● Action item
Leave the pictures out and print, word for word, the lines below from the one with "Basin-Mounted Polished Brass" through the final line.

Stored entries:
-.-.-

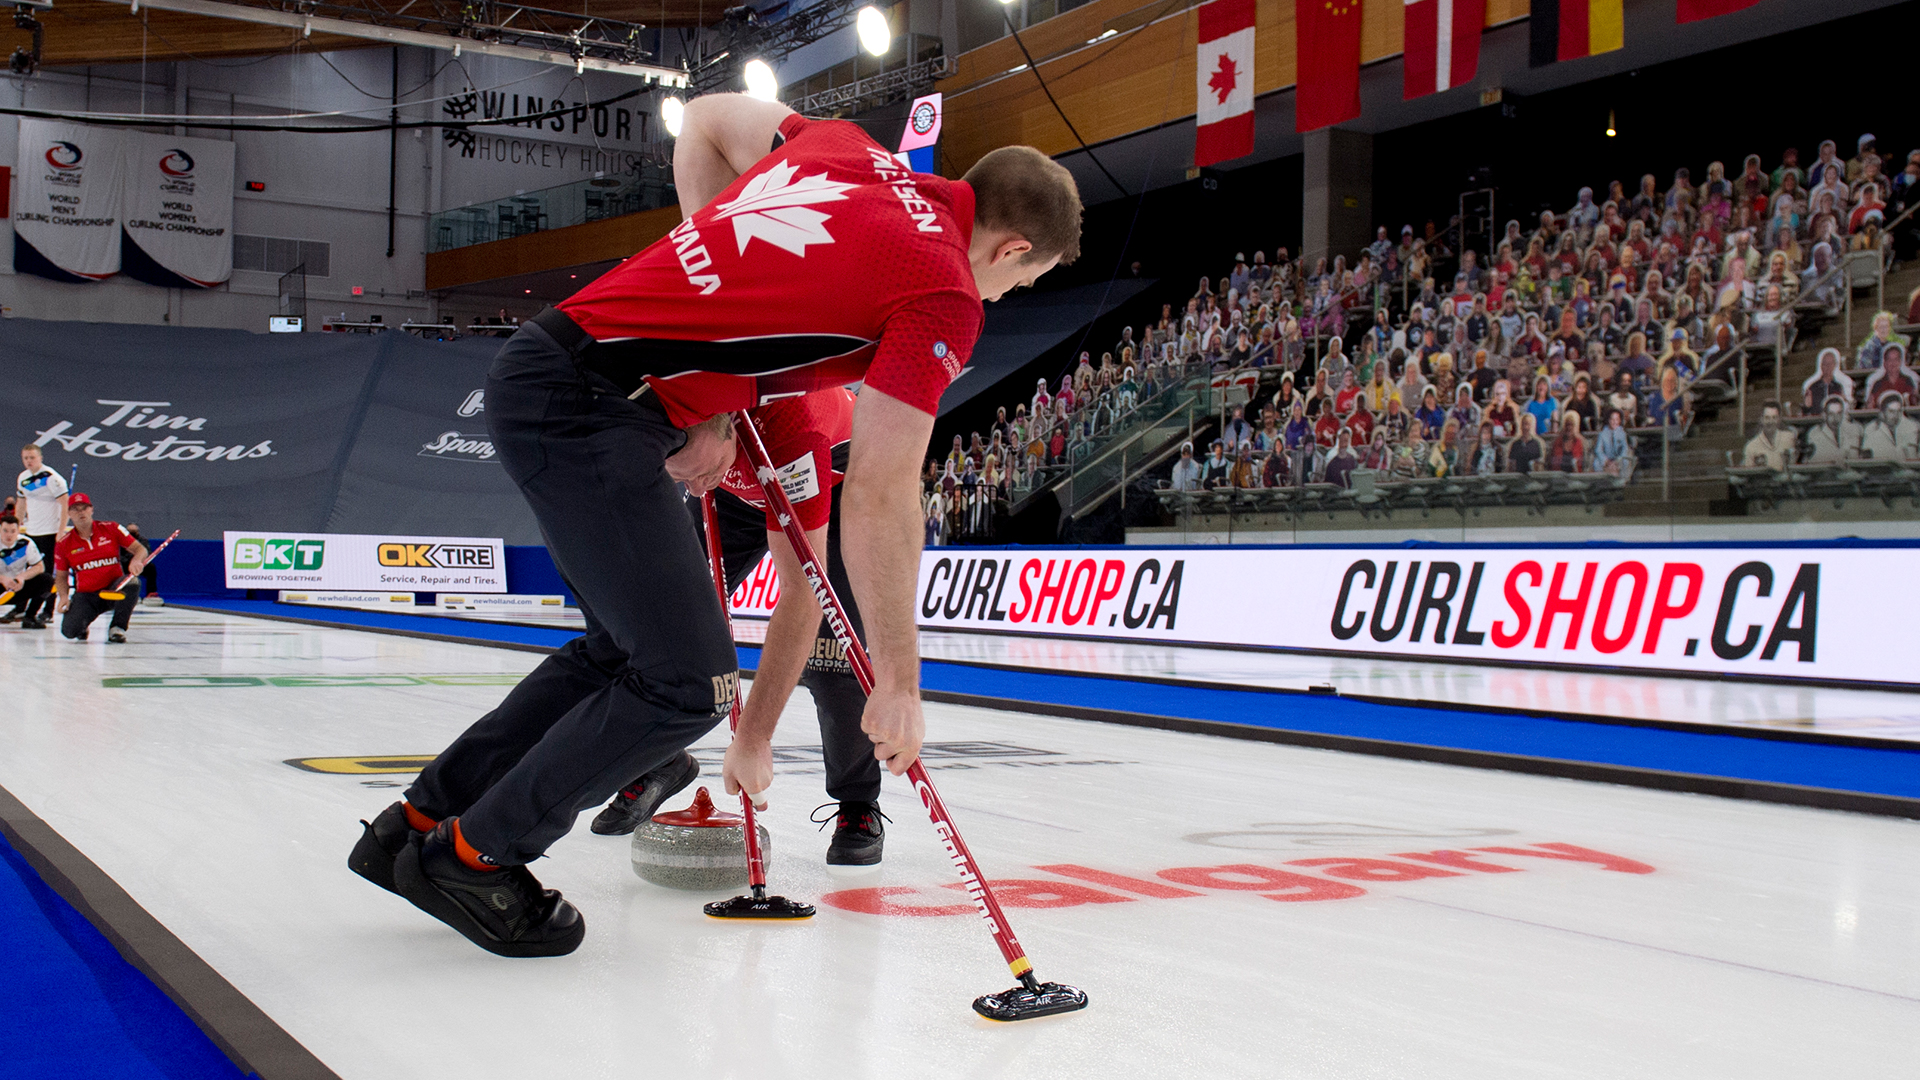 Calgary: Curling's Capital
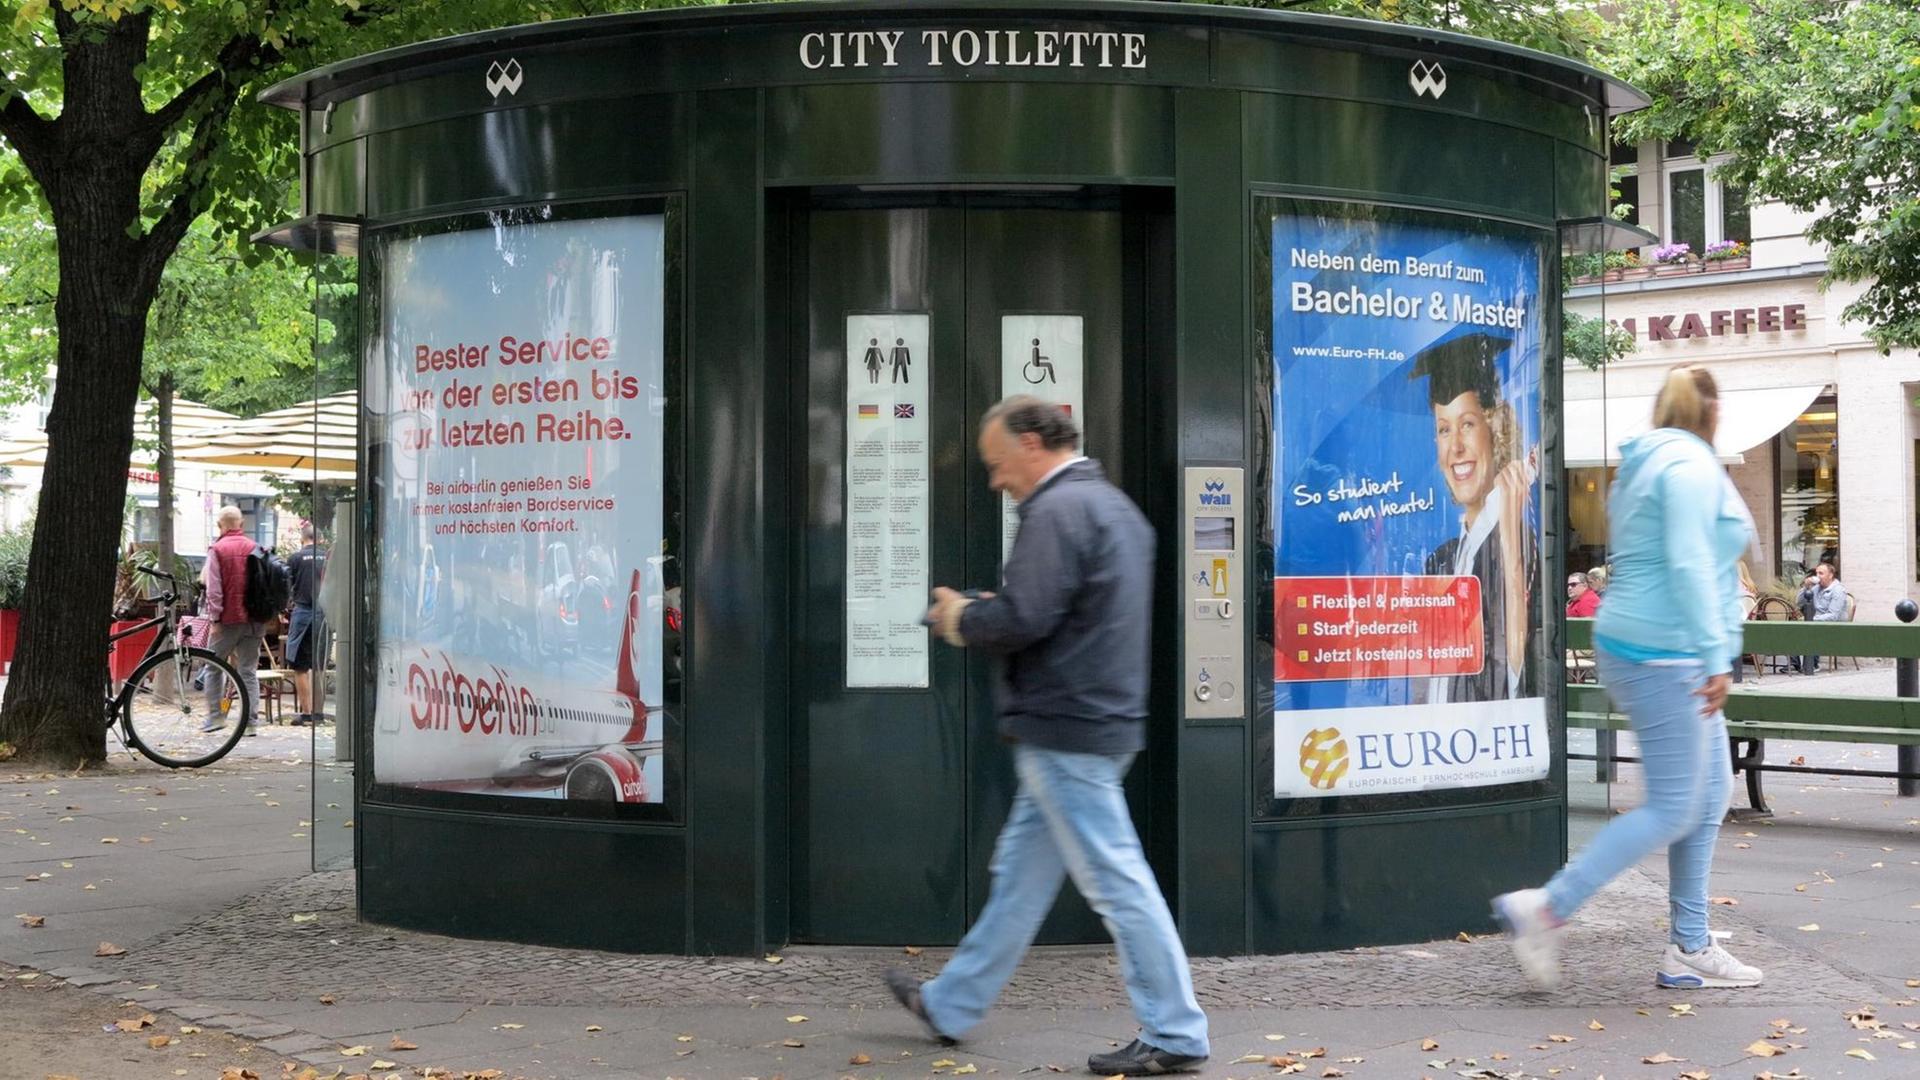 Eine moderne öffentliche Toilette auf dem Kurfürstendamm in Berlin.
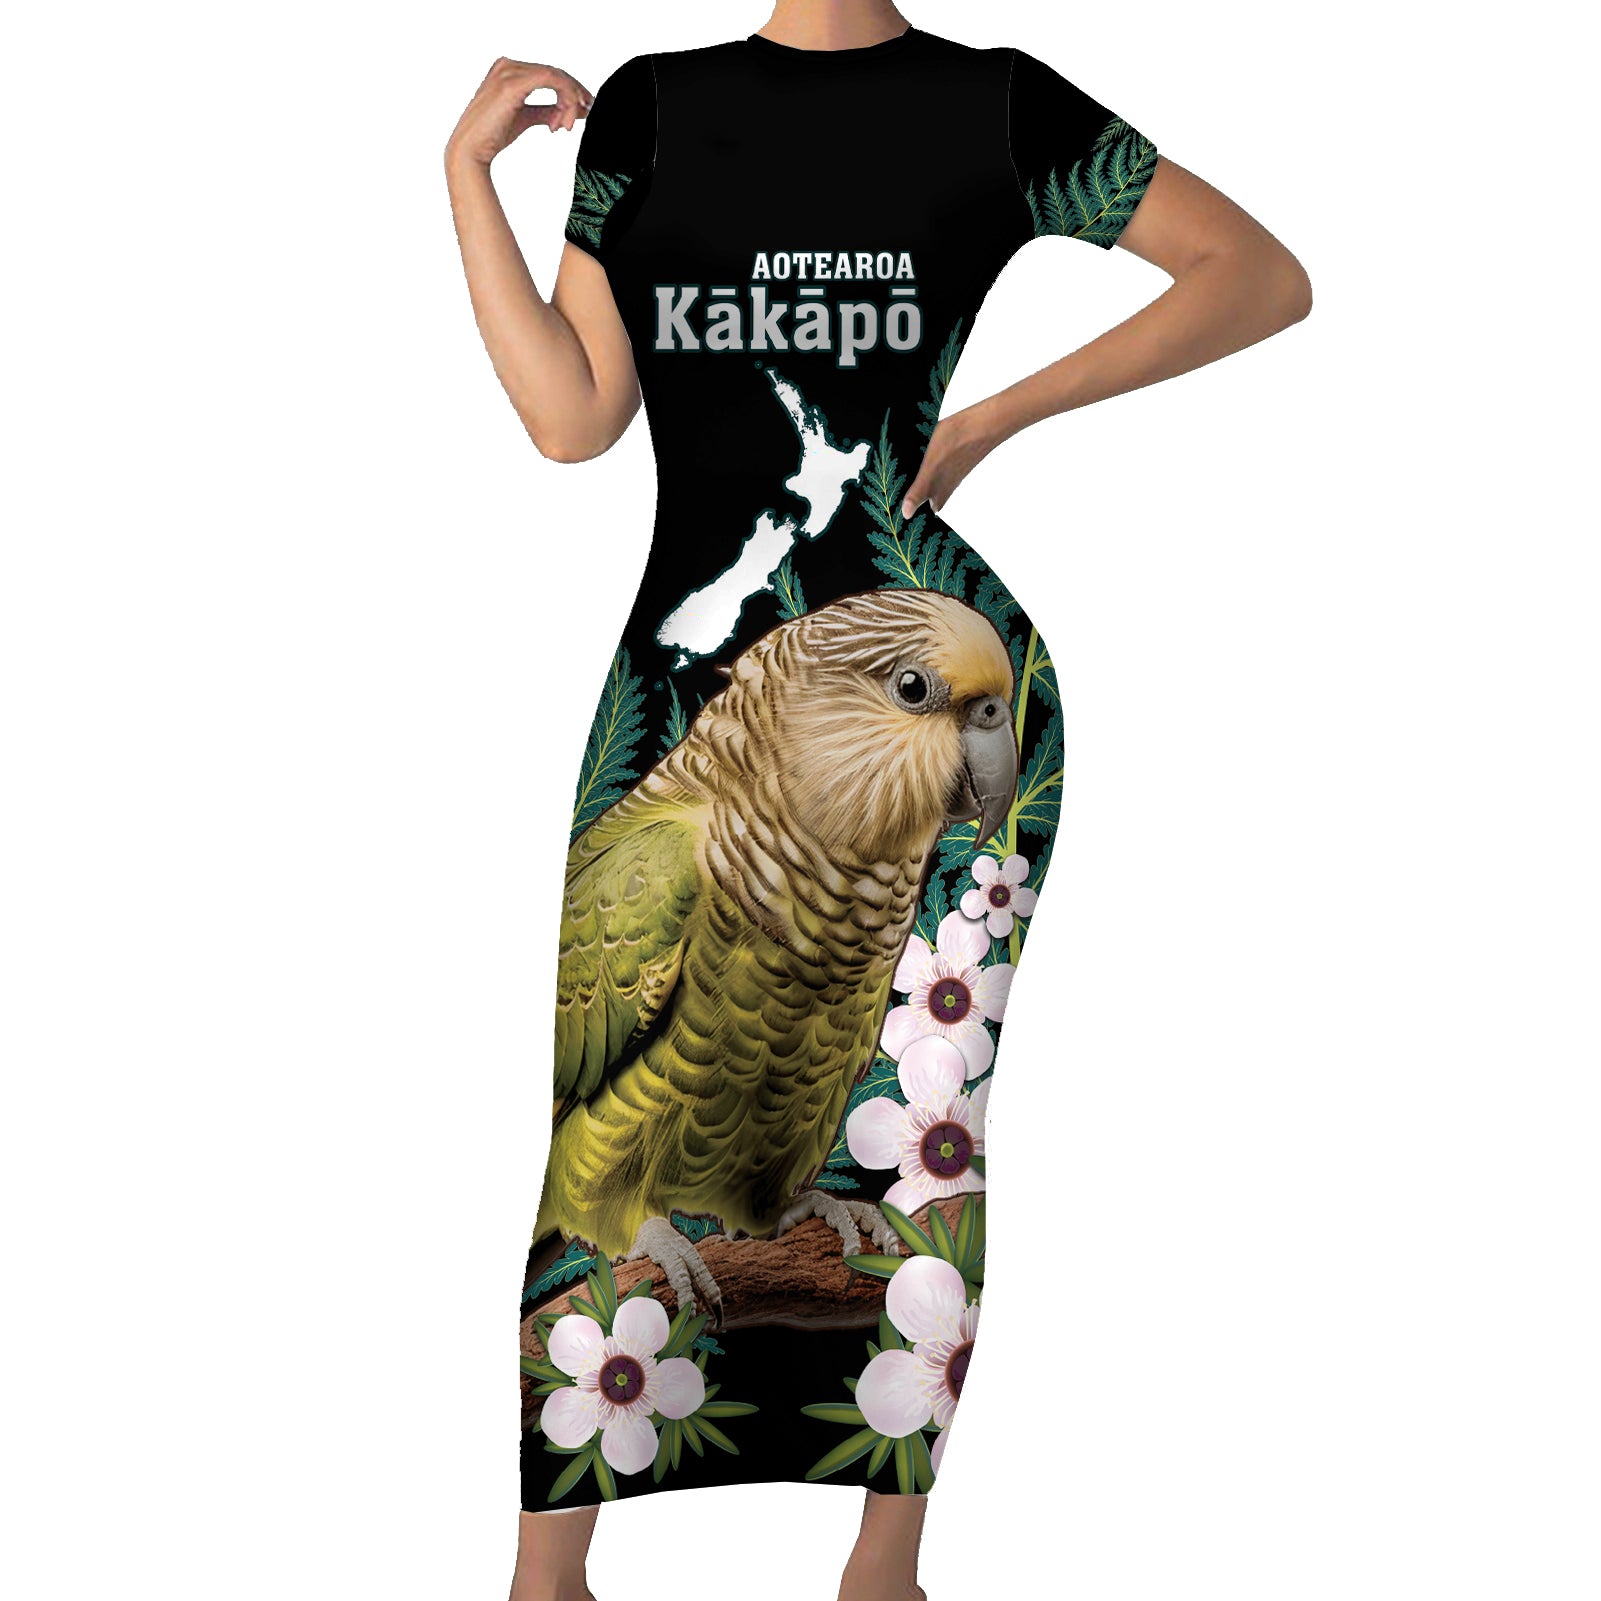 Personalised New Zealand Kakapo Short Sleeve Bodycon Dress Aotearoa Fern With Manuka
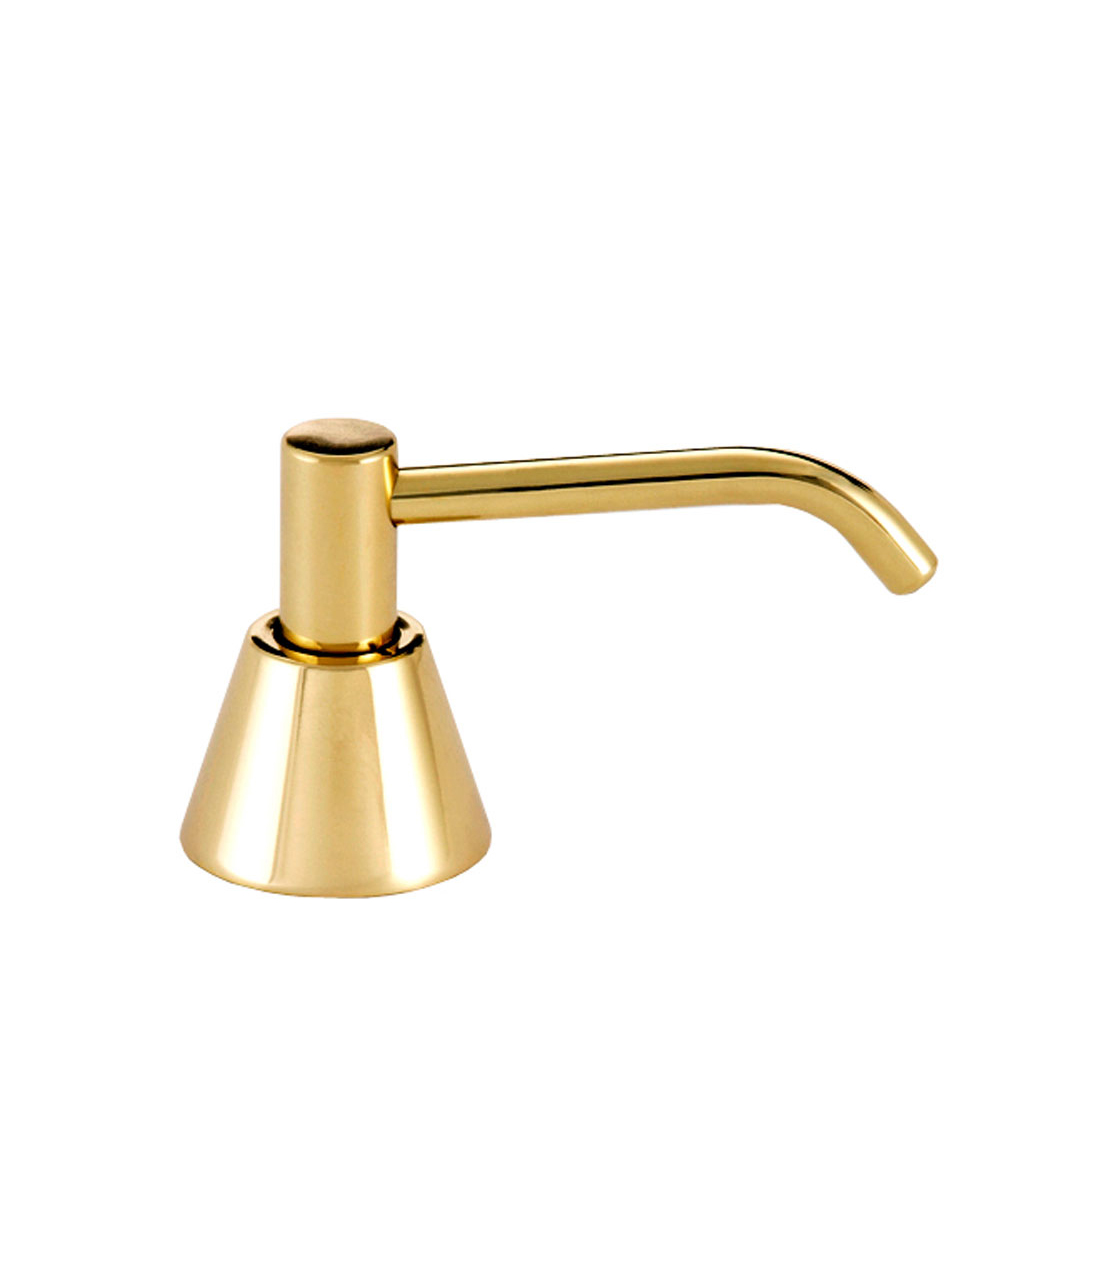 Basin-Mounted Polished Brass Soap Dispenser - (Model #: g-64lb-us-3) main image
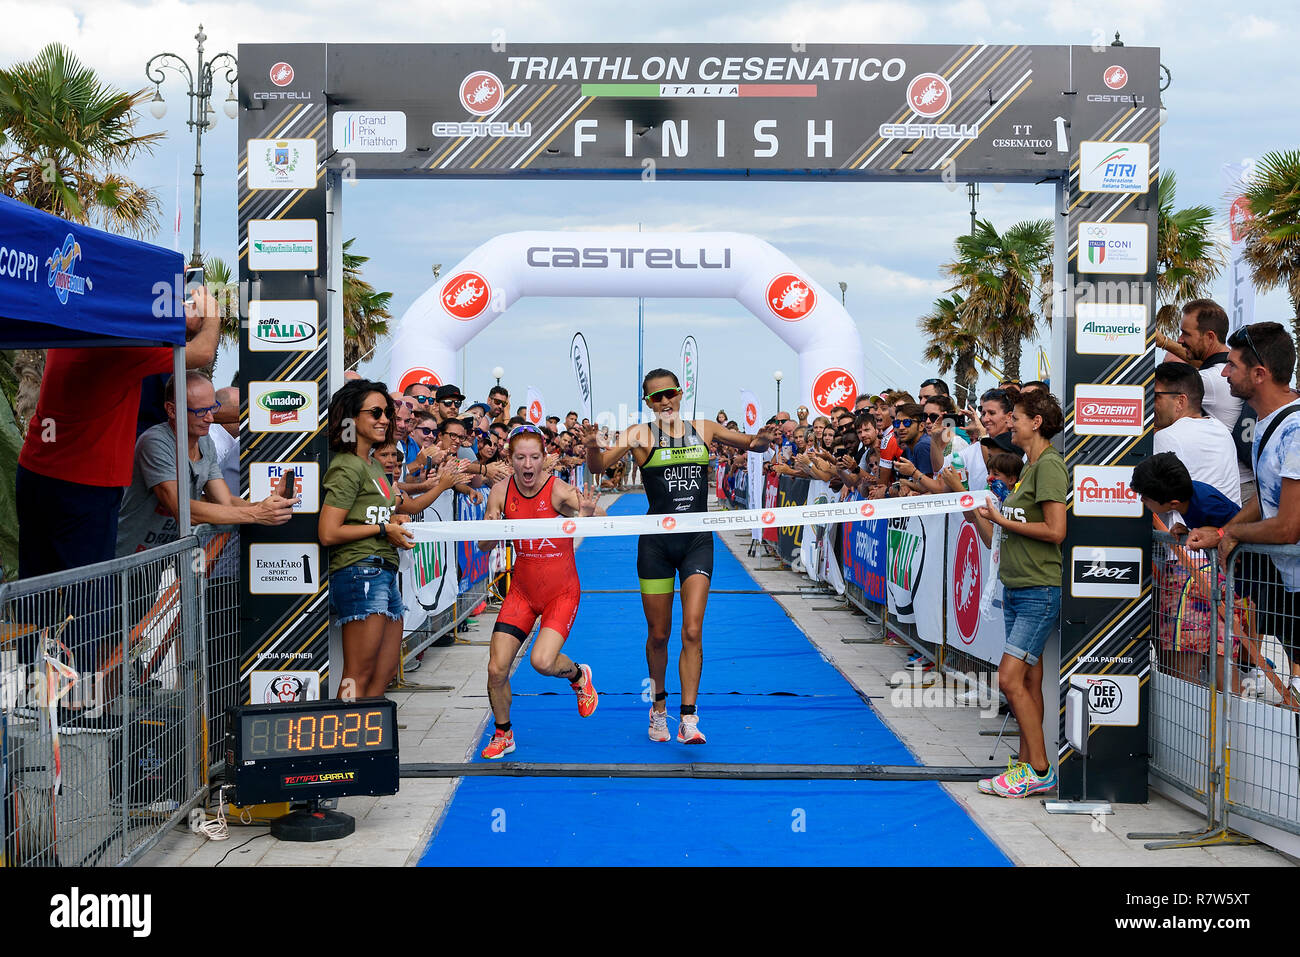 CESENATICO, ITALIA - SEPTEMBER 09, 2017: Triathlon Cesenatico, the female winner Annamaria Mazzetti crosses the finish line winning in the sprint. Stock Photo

-.-.-

● Exercise response
 Basin-Mounted Polished Brass Soap Dispenser - (Model #: g-64lb-us-3) main image
 CESENATICO, ITALIA - SEPTEMBER 09, 2017: Triathlon Cesenatico, the female winner Annamaria Mazzetti crosses the finish line winning in the sprint. Stock Photo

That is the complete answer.